Saturday, July 17, 2010

Food Disasters


Hello, my lovelies! Sorry for the terrible lack of posts- I'm on the second-to-last night of a rather long road trip. I'm finally back in the eastern time zone after hanging out with family, family friends, and Old Faithful. I have some food tales from my trip to share, but today, we were watching Julie and Julia in the car (I know, finally!) and one scene reminded me that I never shared this story, from the end of May- where Julie make some sort of raspberry thing for dinner where the guest never shows, decides to bring it to work, and the bag gives way on her way to work and the dessert ends up all over the sidewalk.

I made my mom a birthday cake, as I tend to do. I make everyone a birthday cake, to be honest. Birthdays are a valid excuse to bake fancy things.

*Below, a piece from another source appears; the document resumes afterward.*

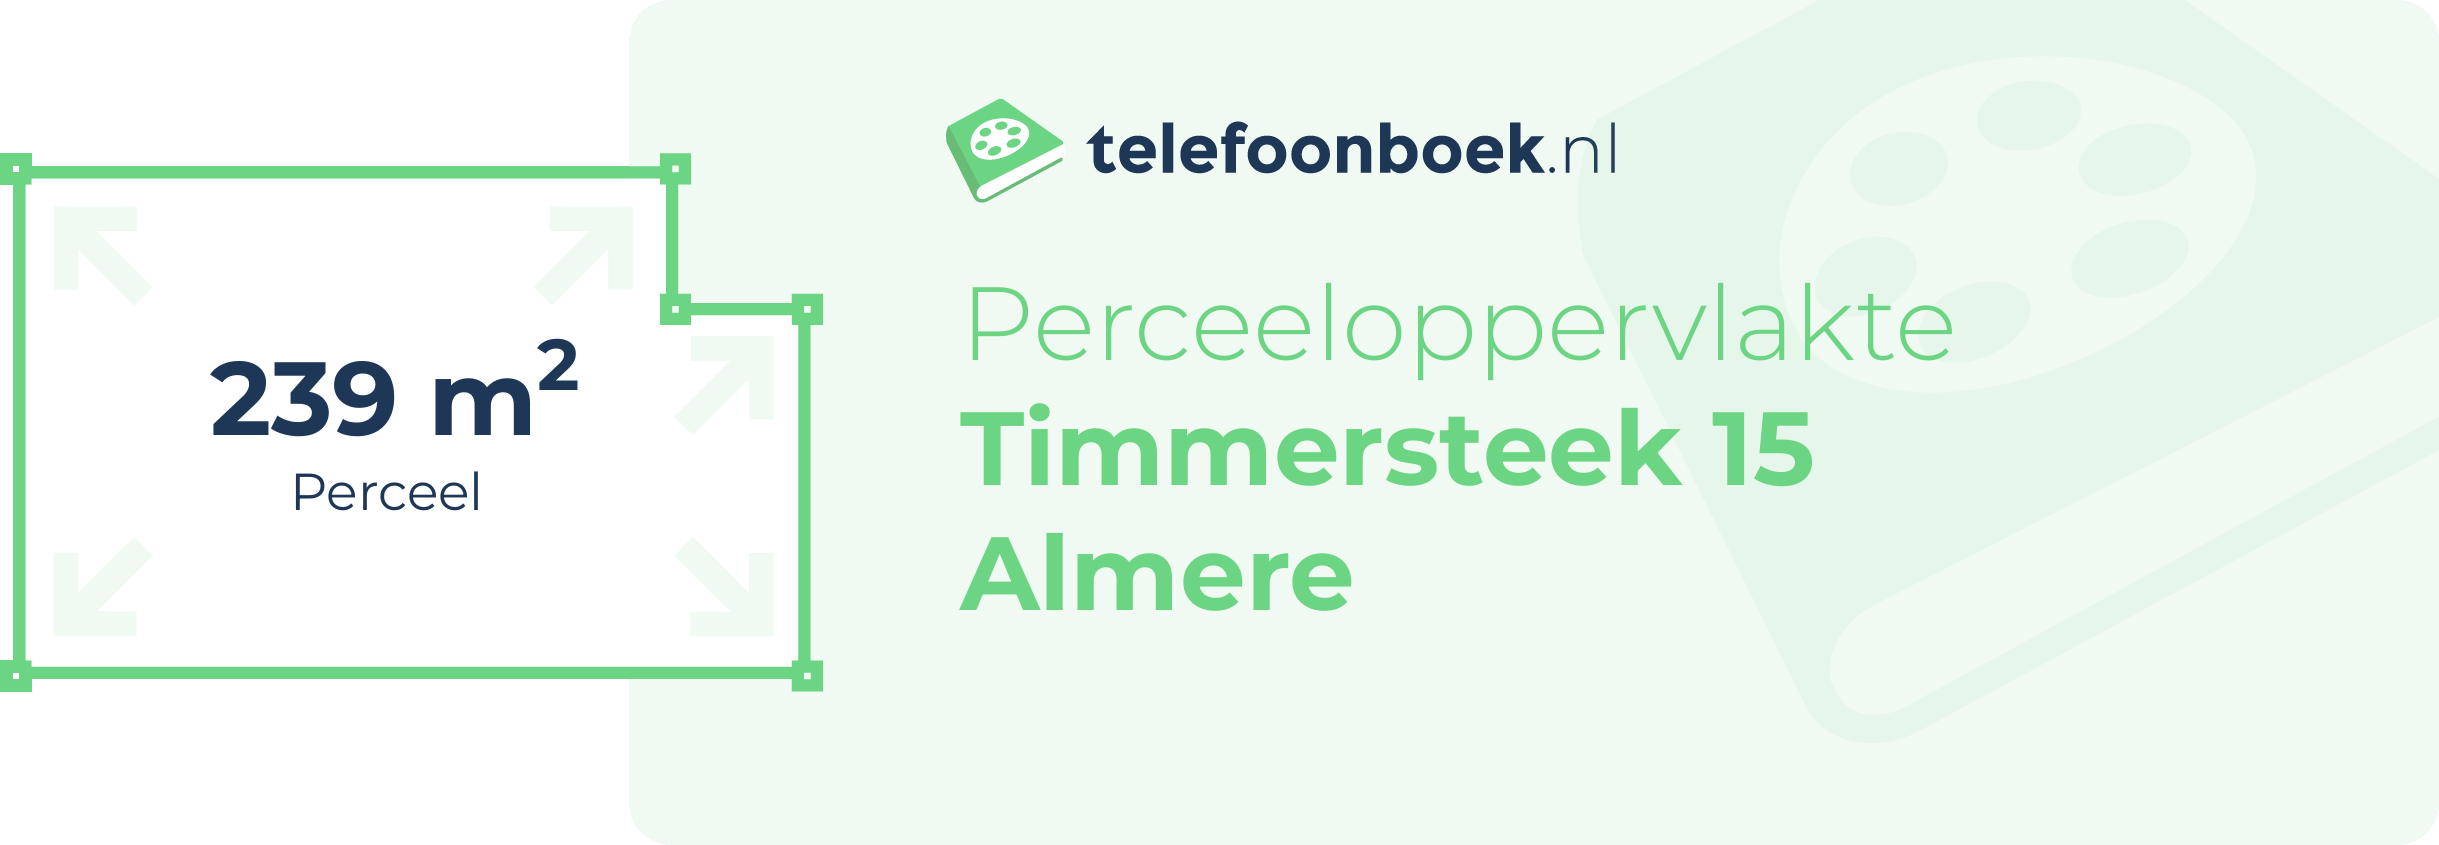 Perceeloppervlakte Timmersteek 15 Almere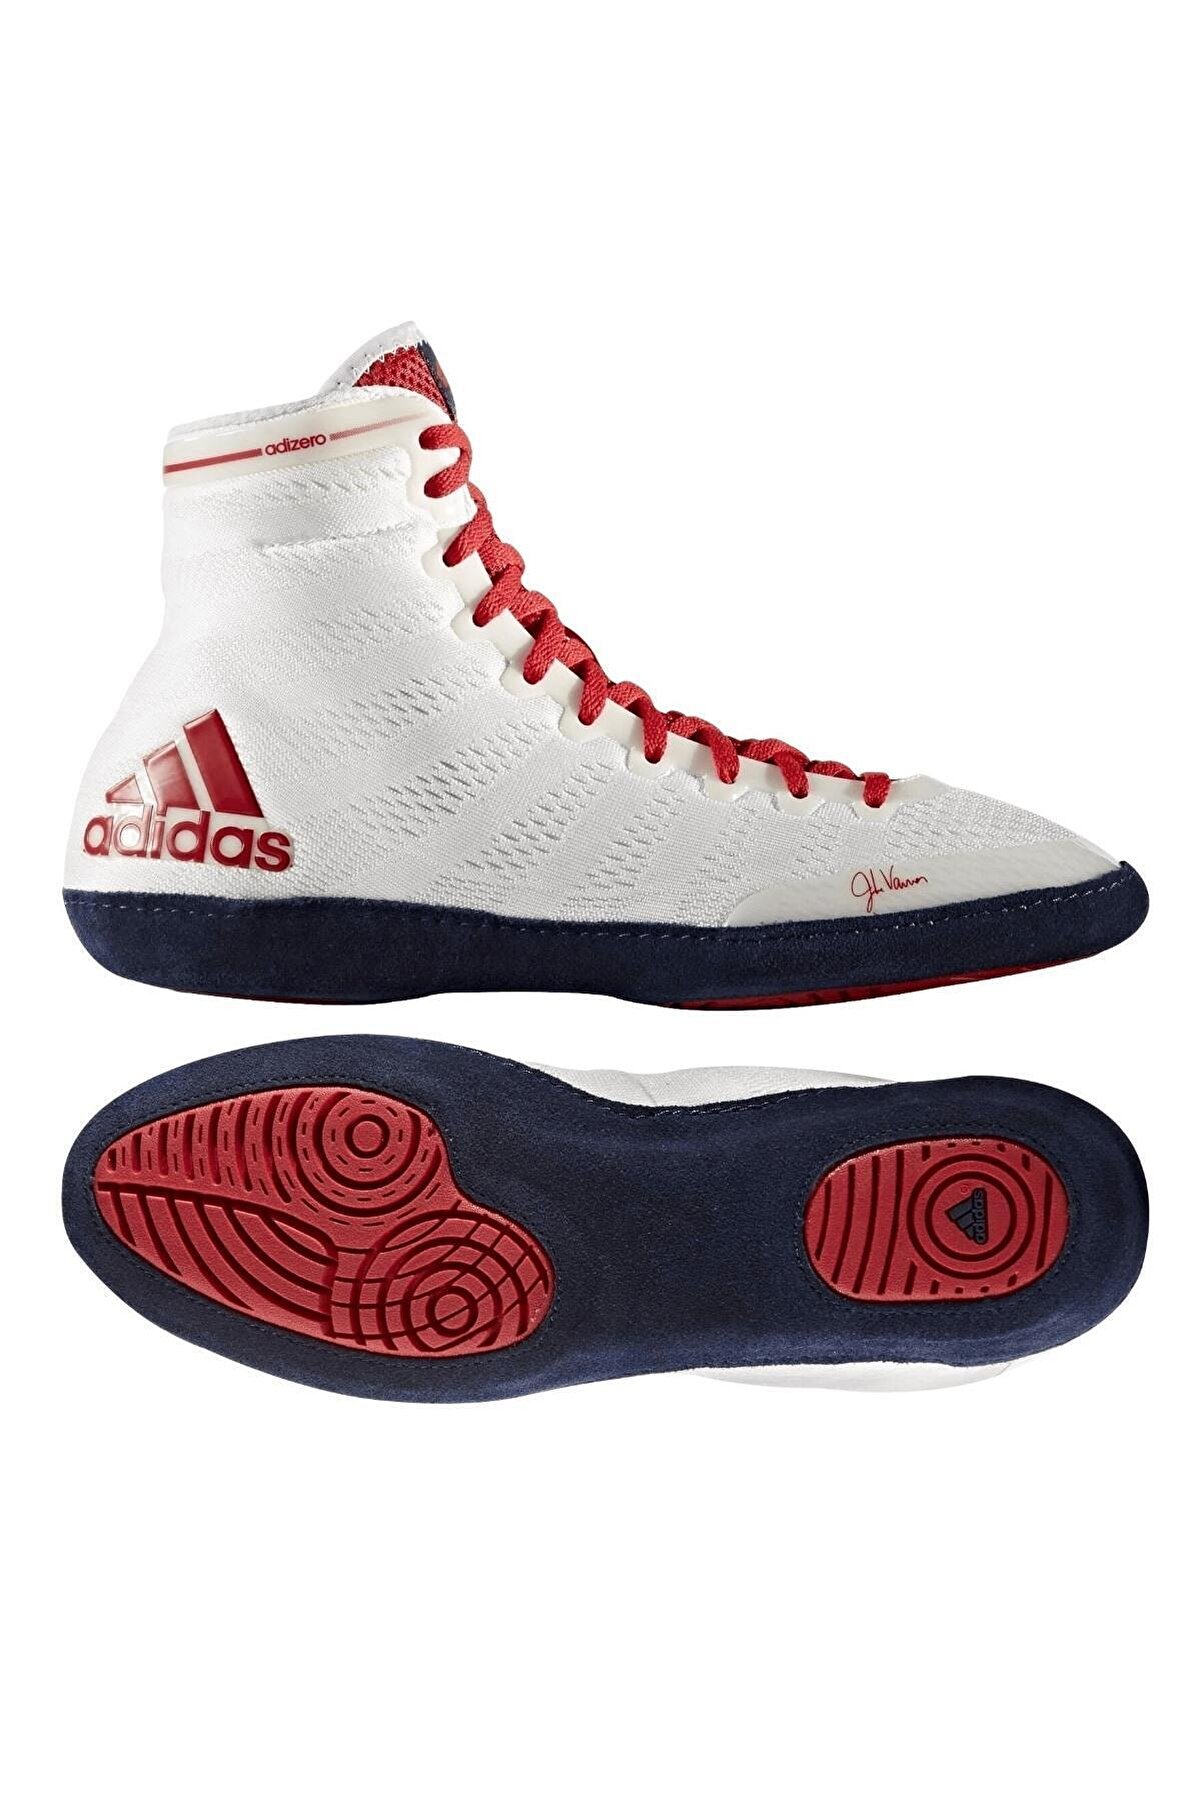 adidas Adizero Wrestling X Whıte Güreş Ayakkabısı M18728 Beyaz-36,5

Mom said she would like something with Aunt Gertie's chocolate frosting (a fudgy chocolate buttercream, with my favorite instruction: "beat like hell"). Since I'd recently discovered dulce de leche and figured out how I could make it all by myself, I used a batch of that as the filling. The cake itself was my great grandma Anna's vanilla cake recipe (the same cake as our wedding cake). And it was lovely. I made the mistake of watching the season finale of Grey's Anatomy (you remember, where everyone got shot) while making the cake and neglected to sufficiently spray the parchment-lined cake tins, so the layers had some issues coming out of the tins, but I got everything to stick. And it frosted beautifully.

See how nice?

Then we drove it from Worcester, MA to Westbrook, CT, a 90 or so minute trip on essentially 2 highways and one country road. We got a great parking space, right at the end of the walkway towards my parents' timeshare condo, and since we were only staying with them one night, were able to bring everything in in one trip. Only...



my caketaker is apparently worthless. The bottom clips on to the top, and the handle is on the top. With 3 other bags to carry, I couldn't support the caketaker from the bottom as I would prefer to do, and one of the two clips came undone, possibly from being jostled as I walked.

Fortunately, I'd stuck 3 bamboo skewers in the cake to prevent the layers from slipping (dulce de leche is pretty runny, and I've had many problems of transporting cakes filled with something other than frosting in the car), so the cake held together after landing, the only problem was that half of it was on the sidewalk. So I picked it up, got the still-clean half, and 6 of us celebrating mom's birthday enjoyed that for dessert.


The cake was good, and 2 months later, we're still laughing about this food horror story.